Я еще и еще раз поблагодарил начальника за располагающий прием, который был нам оказан. Вовке и Сережке было обещано, что часов в шесть мы приедем с Ниной. Направились к выходу по асфальтовой дорожке вдоль забора. Подле кирпичного домика с узкими окнами и навесом над дорожкой, перед будочкой проходной нас вдруг остановил шепот: "Дяденьки!"
   Мы приостановились,  не поняв сразу, что шепот раздается из забранного железными прутьями окошка.
   -Вы только не шумите. - За прутьями торчала веселая рожица в веснушках.
   Мы остановились.
   -Вы кто, дяденьки, - теперь вполголоса вопрошала нас девченка.
   -Как видишь, люди, - ответил кто-то из нас.
   -Нет. Вы не менты?
   -Раз погон нет, же значит, нет?
   -Погоны бывают и на роже . - А дальше сбивчиво, этаким романтическим речетативом:
   - Сижу за решеткой в темнице сырой...
   -Почему?- Вырвалось у меня непроизвольно,
   -Беглая потому что… ночью привезли и все вытрусили...
   Мы осторожно оглянулись. Двор детприемника был так же спокоен, как и минуту назад. Неподалеку оказалась скамейка. Не сговариваясь, присели.  По часам выходило, что до прибытия рейса оставалось время,
   С одной стороны, меня разбирал смех из-за сцены, в которой мы оказались действующими лицами. С другой, было интересно поговорить с этой беглой, сидящей, как мы поняли, в изоляторе узницы.

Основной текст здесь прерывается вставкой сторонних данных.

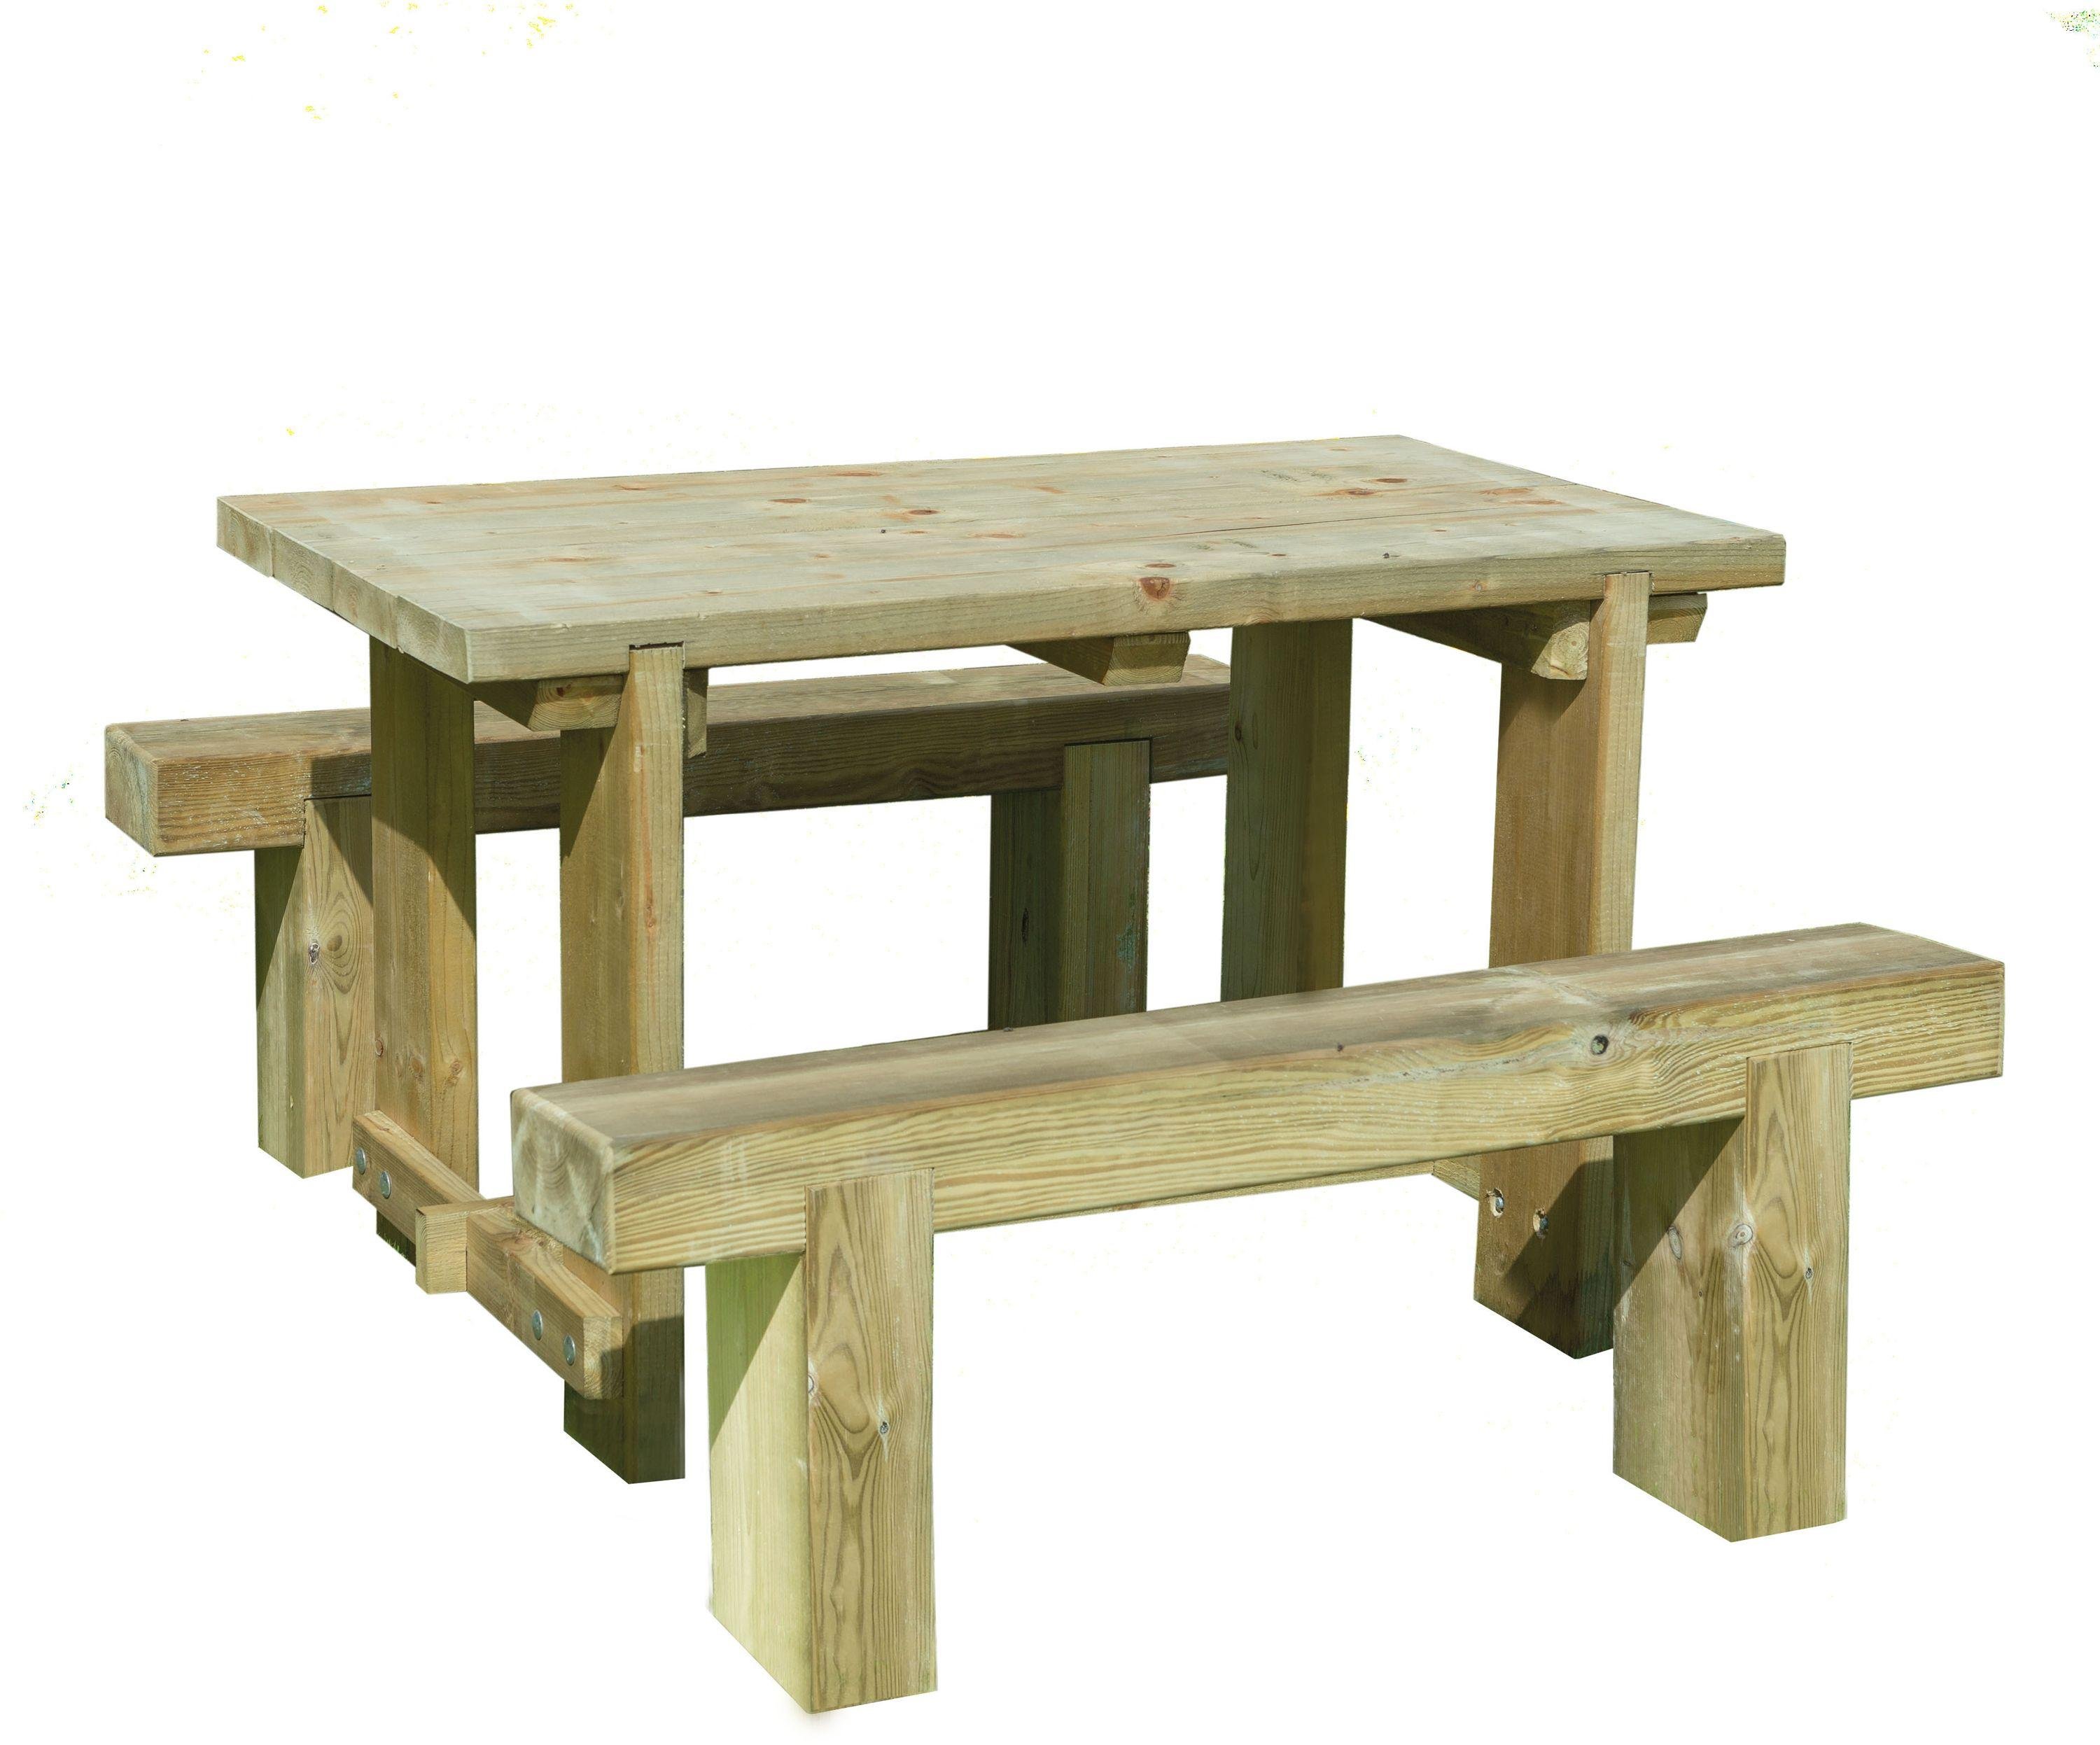 Forest Garden Sleeper Benches and Table Set 1.2m

   -Так почему ты там сидишь, - переспросил Толя.
   -Я же оказала, что беглая я, из Нижневартовска, - скороговоркой протараторила наша собеседница, не  приближаясь вплотную к решетке, к железным её  прутьям, -Жду, когда отправят. Может в спецшколу, а может в колонию. А вы хороших пацанов привезли. Наверное, тоже без родителей?
   Пока между Анатолием и его собеседницей проходил этот диалог припомнил я, что знал в то время о Нижневартовске. Нефтяной джин Самотлора, один из многих ворочающихся в Тюменской земле, там уже был почти упрятан в бутылку, и хотя еще велось разведочное бурение, но в основном уже разворачивались  промысловые структуры, добыча нефти, а это значило, что жизнь в городе начинала стабилизироваться, что ее перестали потрясать катаклизмы поиска, глобальных открытий, что люди стали массами заселять появляющееся благоустроенное жилье, начал налаживаться быт.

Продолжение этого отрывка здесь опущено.